I notice that with all three different settings of your SB Live card, the frequency response begins dropping at about 7,000khz. Do you find this an acceptable response. I don't know about your card, but my RME HDSP 9632 is considered a high end card and should give a flat frequency response from 20hz to 20,000khz and mine also drops off at about 7,000khz. Is that REW causing that? I found that with my M-Audio card, which is about a 1/4 of the price of my RME card, I get a flat frequency response in REW from 20-20,000; without any fall off from 0 db starting at 7,000 like in your graphs and in the graph of my RME. Is that telling me my M-Audio has a better frequency response than my RME, or do you think it could be due to settings inside my RME Mixer?

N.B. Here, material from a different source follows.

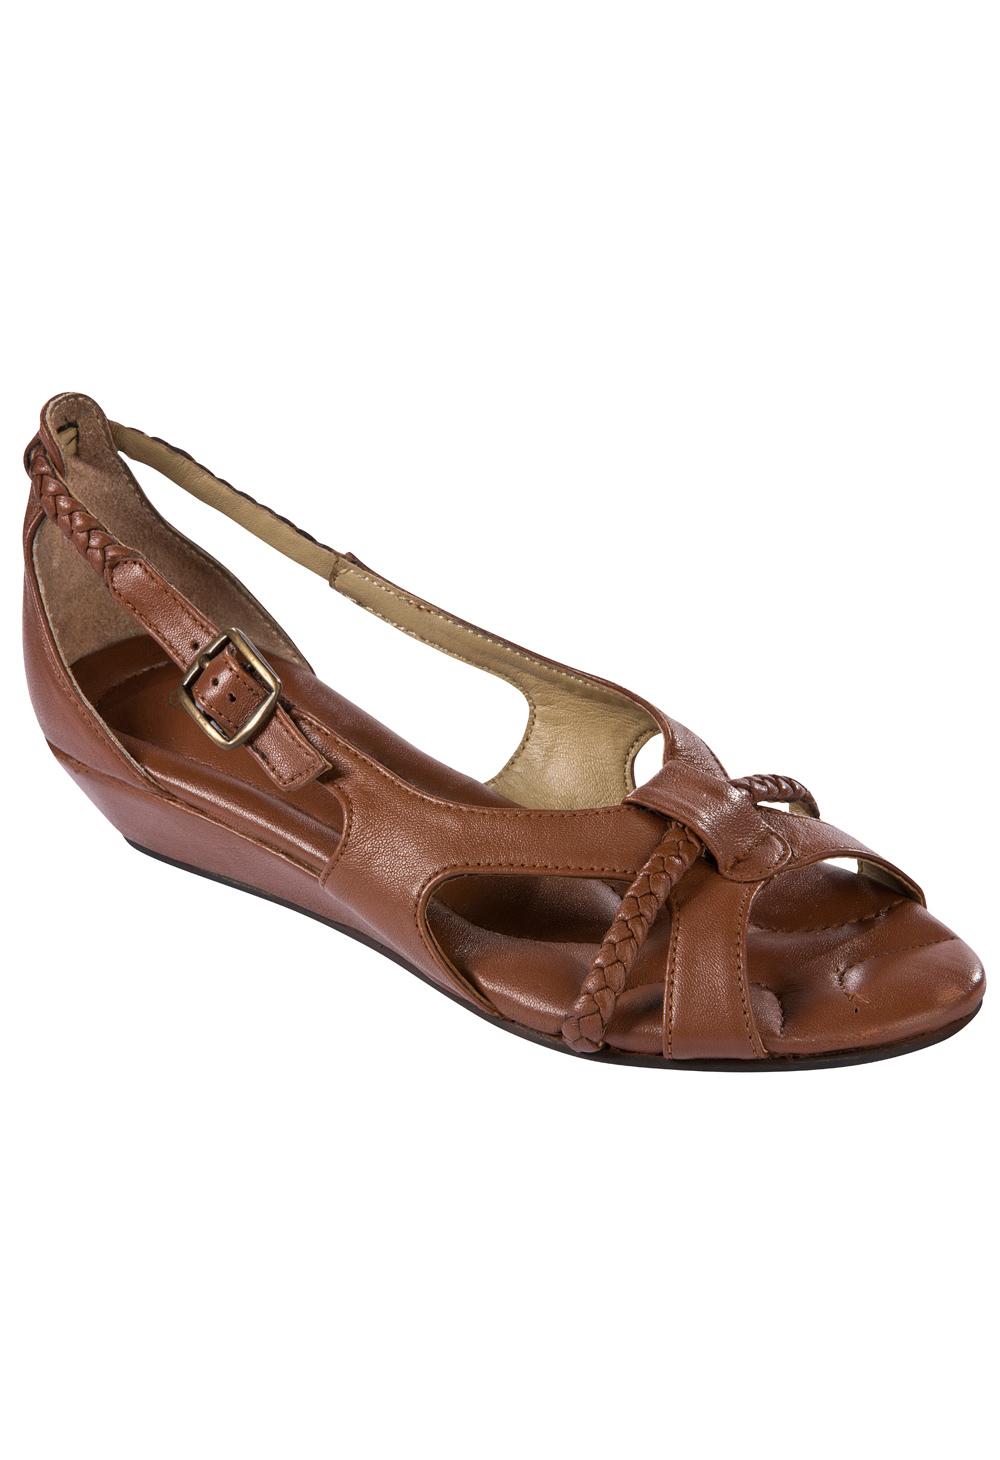 Sandales compensées chez Bleu Bonheur Sandales compensées. Ravissantes et  confortables ! Dessus, première sur mousse et doublure en cuir. e35360224954

Look forward to your response.


----------



## jean (Aug 31, 2009)

marsx said:


> The readout of my RME HDSP 9632 frequency response shows up this way with every setting I could think of trying. I even installed it in another computer, but it didn't change the reading. I've also tried measuring the card with the RMAA6 software and can't get a readout because of errors; either there is clipping or the signal is to low and no matter how delicately I adjust the RME mixer, I can't get a complete reading without errors. Here is a picture of the reading I get from my RME card:
> 
> 
> 
> ...


Hello,
i wouldn't be bothered with a 0.5 db fall at 20000hz, compared with the peaks and valleys of speakers and room responses and i don't mention the ears of the listeners. When you make your measurements with a 5 db scale you don't even need to use the card calibration file. I think your card is perfect.
Jean


----------